To exclude unauthorized access and its displeasing consequences, such as wrong data sets and untraceable data sources:
- implement user access control and obligatory authorization processes for employees
- use nulling out when data is replaced with NULL for an unauthorized user
Since even basic sensitive information such as a document author’s name, revision history, type of software, in the wrong hands may lead to a potential data breach, you’d better use one more measure to secure your metadata — sanitization. This is the process of removing sensitive data from the document. After sanitization, the file may be distributed to a broader audience.
Unauthorized changes in metadata can also jeopardize data security and make things awkward if you prepare an offer for the customer by copying a previous file. If the document doesn’t go through the sanitization, your hypothetical client will have access to the history of changes and find the corrections of the original budgets or the scope of work for your previous customer.
Therefore, don’t underestimate the importance of this activity. Use automated data sanitization tools to ensure that only the intended information can be accessed.
Employees’ Carelessness
Have you heard about the Equifax breach that was caused by an employee’s error?

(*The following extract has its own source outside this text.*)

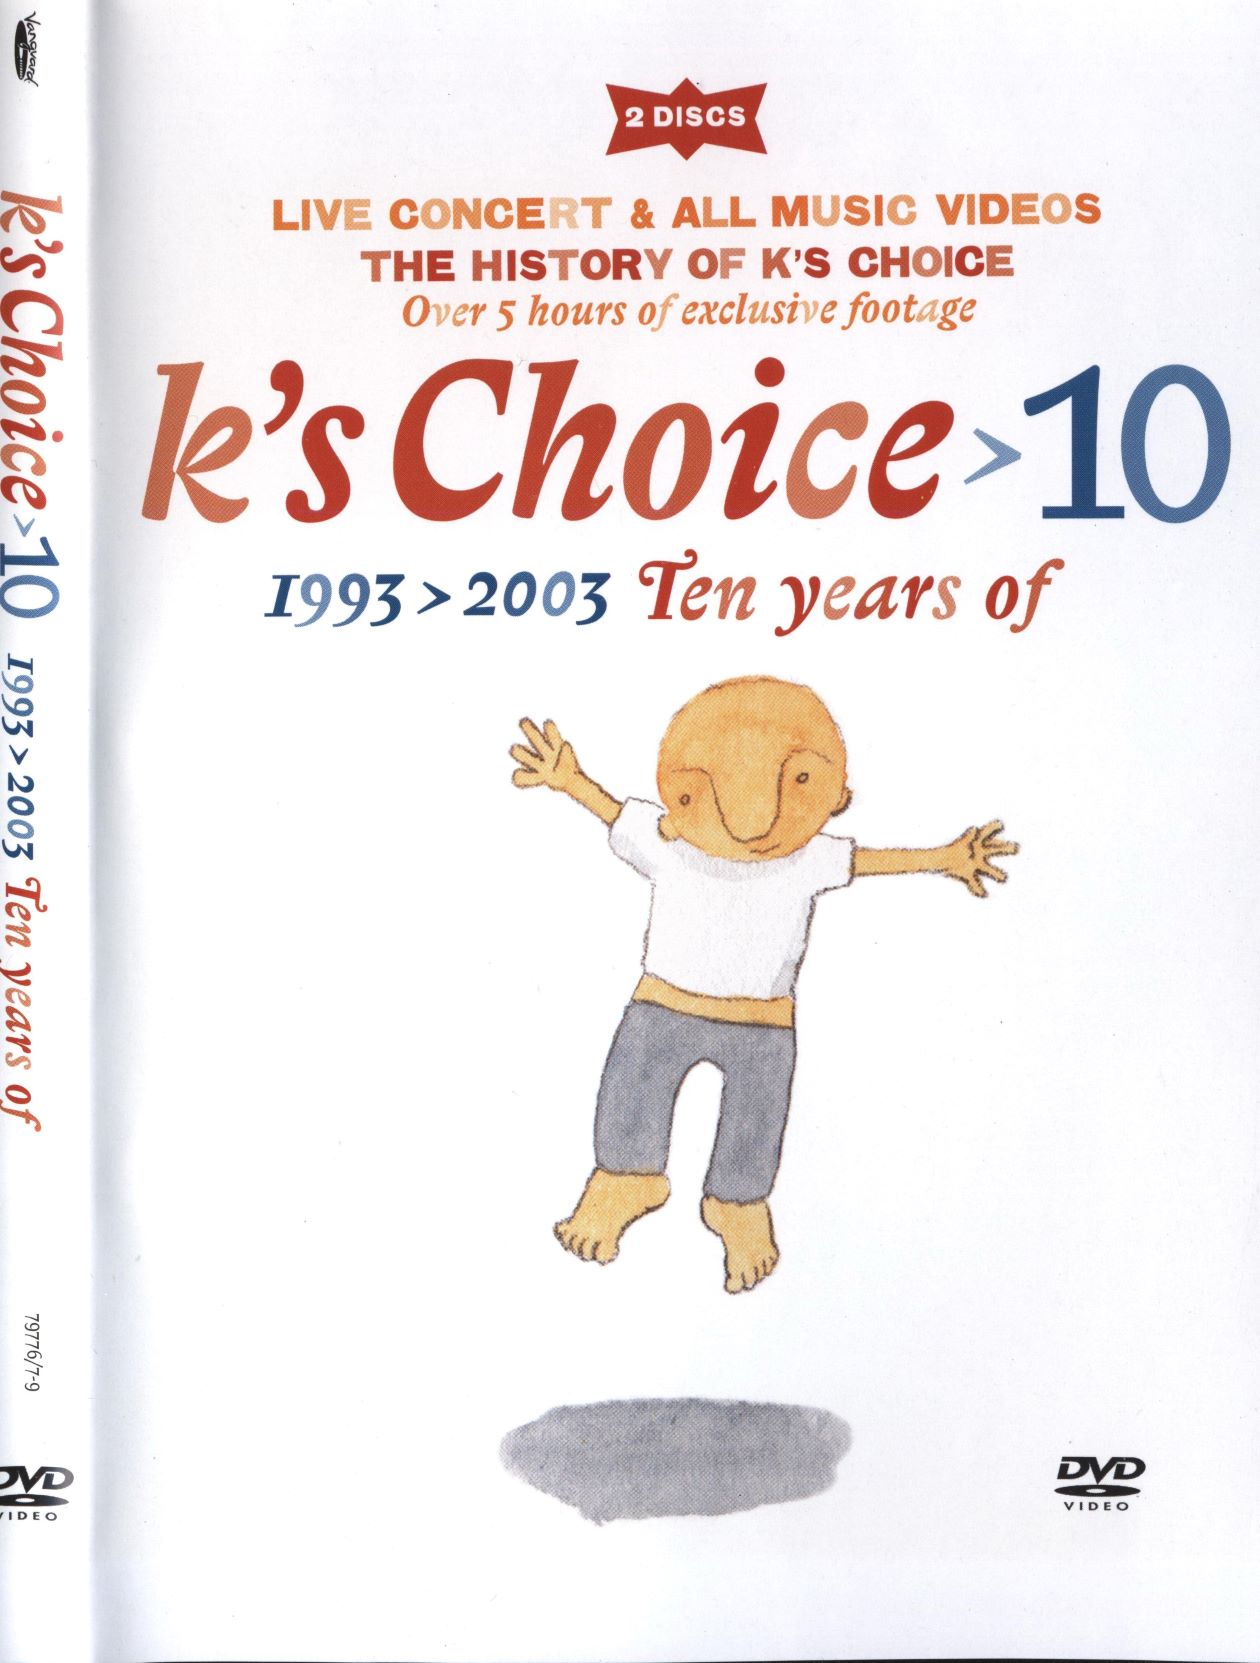 K's Choice - 10 (1993 - 2003, Ten Years Of) (2xDVD9)

An individual in the technology department had ignored security alerts, which led to exposing the sensitive data of nearly 146 million Americans.
Sometimes hackers and other external security threats come in second to human errors in terms of damage done to the company. A CNBC study states that accidental loss of a document or a device by an employee is the reason for 47% of data breaches in organizations. The level of accidental staff negligence also rises along with the increasing number of devices having access to the company’s and customers’ sensitive data. It is as easy as snapping your fingers to share a file with unauthorized parties, either accidentally or maliciously, if your staff can access data from personal devices and over unsecured networks.
The technical aspects of the solution that will help you detect security breaches in time and ensure big data security include the implementation of multi-layer authentication and an inside threat detection approach to get notifications about security threats by your staff. As for the ‘people’ part, create an atmosphere where employees feel safe to report on a lost or stolen device and do it immediately.
Security audits and actualization of your Big Data strategy are initial, yet critical, steps in resolving Big Data and security concerns
Big Data technology is a world of opportunities. It helps you better grasp your customers’ needs, create detailed hypotheses for market testing, and find ways to improve the product. And yet, Big Data technology is only worth using if the solutions you have are properly secured. Start with a security audit to identify the areas of concern, for example, those referred to data storage or data cleaning, and don’t ignore them when developing your Big Data strategy. Not sure you can deal with all the Big Data security challenges by yourself? Our BI experts have you covered, get in touch to find out how.
FAQ
The complexity of data in terms of its structure, source, storage location, format, device type, etc. is one of the key security concerns related to Big Data. Coupled with the diversity of processes that occur with Big Data — storing, cleaning, masking, etc. — controlling various data transformations is challenging.
Ensuring security and confidentiality of business data and customers’ sensitive information are the main security issues in Big Data. You have to improve your system’s cyberattack resilience level, configure automated data cleaning, data masking, and document sanitization tools, establish mandatory authorization for employees, and adjust continuous monitoring of the system’s state.